-
Pomóżcie:(
Nie wiem, czy ktokolwiek bedzie chcial czytac o moich problemach, ale ja juz nie wiem do kogo sie zwrocic:( Kiedys bylam powiedzmy normalnie wygladajaca nastolatka, tylko oczywiscie jak kazda nastolatka uwazalam ze jestem gruba i zaczelam sie odchudzac, a tym samym coraz bardziej tyc, bo niby po diecie chudlam, ale potem znowu jadlam wszystko i kilogramy wracaly w nadmiarze.Doszlam do wagi 72 kg i postanowilam, ze koniec z tym, ze chce sie wreszcie dobrze czuc w moim ciele. I znowu zaczelam sie odchudzac, ale tym razem czulam ze sie uda, czulam jakis przyplyw energii, bylam pelna zapalu. No i udalo sie... osiagnelam wymarzone 55 kg, ale odchudzalam sie dalej i jadlam coraz mniej, az spadlam na 46kg i zaczelam terapie u psychologa. Trawalo to 1,5roku. Wszyscy wokol mowili ze zle wygladam, bo faktycznie sterczaly mi same kosteczki. Wszyscy namawiali do jedzenia, a ja chociaz bardzo chcialam jesc, nie moglam, bo wiedzialam, ze bedzie tak jak zawsze, ze jak juz sobie pozwole na cos, to sie nie pohamuje i zaczne jesc wszystko i znowu przytyje. Presja otoczenia i moja chec jedzenia staly sie jednak tak duze, ze z anoreksji, bo chyba to juz byla anoreksja wpadlam chwilowo w bulimie. 7 razy zdarzylo mi sie najesc i zwymiotowac, a potem.. Potem zaczelam sie objadac, ale juz bez wymiotowania.Za kazdym razem powytarzalam sobie, ze to juz ostatni raz, ze od jutra przechodze znowu na diete, ale konczylo sie na tym , ze przez pol dnia poscilam, a potem znowu rzucalam sie na jedzenie i taki stan trwa juz od ok 2 miesiecy. Wskazowka wagi przesuwala sie caly czas coraz bardziej do gory, az doszlam do 65 kg.
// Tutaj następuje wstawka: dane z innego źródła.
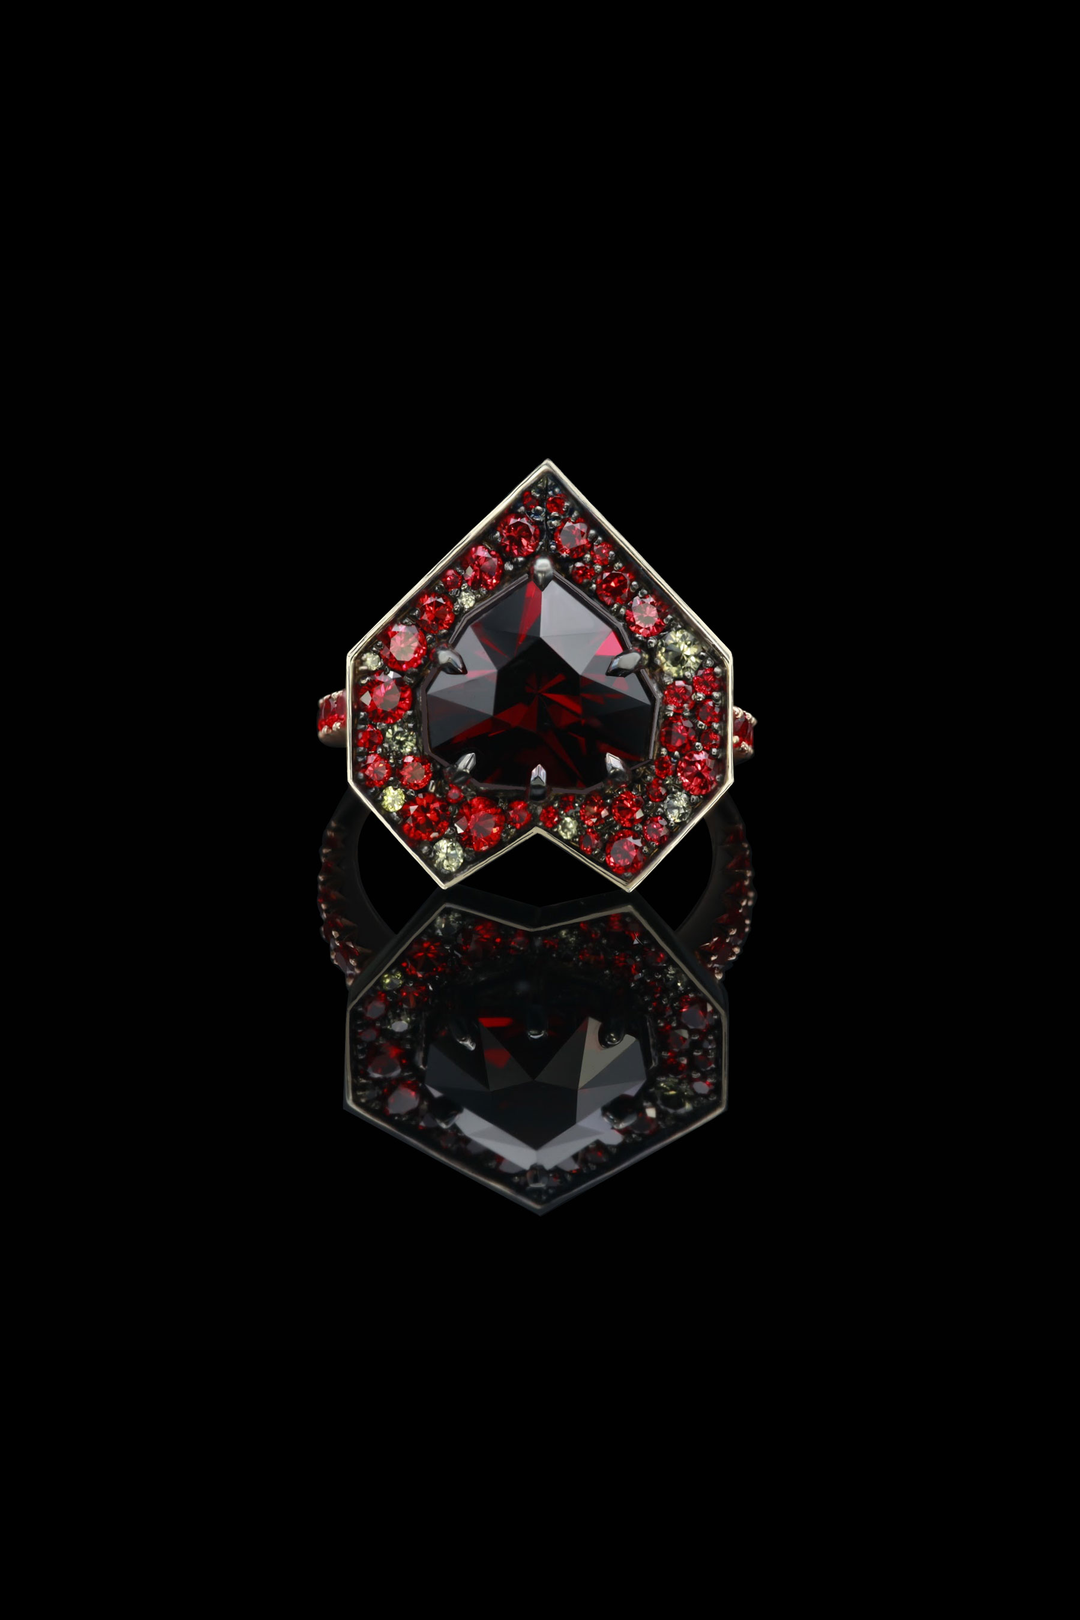 Front Facing image of custom designed Ring with hear-shaped, fancy cut garnet and random pave set sapphires around. The top of the ring is an angular heart shape. Stones are mostly red in colour.

Stracilam do siebie wszelki szacunek, wstydze sie wychodzic na zewnatrz, najchetniej zamknelabym sie w domu i nie pokazywala nikomu.. Nie wiem co robic, niecierpie siebie za to, ze zmarnowalam 1, 5 roku wyrzeczen. Chce znow byc szczupla, moze nie tak bardzo jak wczesniej ale chce schudnac, tylko ze zupelnie nie mam sily, bo wiem jakie to trudne i ile wysilku i silnej woli potrzeba... Jestem zalamana..Dzisiaj znowu probuje zaczac odchudzanie i mam nadzieje, ze wytrwam do konca dnia i nie rzuce sie znowu na jedzenie. Musze zebrac w sobie sily, uwierzyc, ze znowu sie uda, bo przeciez juz raz sie udalo. Boje sie tylko ze teraz moj organizm tak latwo nie odda tluszczyku..:( Prosze was o wsparcie, bo sama nie daje rady...
-
ja proponuje jakos porade u dietetyka i psychologa, bo samej bedzie ci dosyc ciezko...
-
Nie przestalam jeszcze chodzic do psychologa. Bywam u niego raz w tygodniu, ale to nie przynosi wielkich rezultatow..
-
Blondyneczko Kochana!!!!!!!!!!
To tak jakbym czytała o sobie!! U mnie było to samo- odchudzanie z 70 kg do 43 przy 158 cm wzrostu- czyli anoreksja, potem napady jedzenia z wymiotami czyli bulimia- w tym okresie leczyłam się 4 miesiące w szpitalu Psychiatrycznym w Suwałkach najpierw na oddz. Psychosomatycznym a potem na oddz. Nerwic. I wiesz co NIC mi to nie dało!!Przestałam wymiotować ale objadałam się strasznie nadal i przytyłam do ok 60 kg. Aż w końcu coś się we mnie przełamało- zaczęłam dietę 1000 kcal i chodzić na siłownię 3 razy w tygodniu. JEM 5 LEKKICH POSIŁKÓW DZIENNIE I NIE CHODZĘ GŁODNA! PO SIŁOWNI CZUJĘ SIĘ REWELACYJNIE!
Proszę napisz!!!!!!!!!!!! GG- 3117077
szkrabencjusz@vp.pl[/b]
-
Tak sobie usiadlam przed komputerem, poczytalam troche listow i pomyslalam, ze dopisze cos do swojego tematu, chociaz nikt tu nie zaglada:(
Przede wszystkim chcialam Ci bardzo podziekowac grubaniu za wsparcie w pierwszych dniach diety... Bez Ciebie chyba nie dalabym rady wytrwac w postanowieniach, a tak mija mi juz piaty dzien na diecie i jestem z siebie zadowolona:) W poniedzialek, jak sie odwaze to stane na wadze i sprawdze efekty:)
Przede wszystkim dzieki tym kilku dniom nabralam znowu troche sympatii do siebie i uwierzylam ze moge dac rade. A jesli czlowiek jest optymistycznie nastawiony do tego co robi to zaraz idzie mu latwiej:) Dlatego wierze, ze bedzie dobrze i ze juz niedlugo zauwaze jakies poprawy w moim wygladzie:)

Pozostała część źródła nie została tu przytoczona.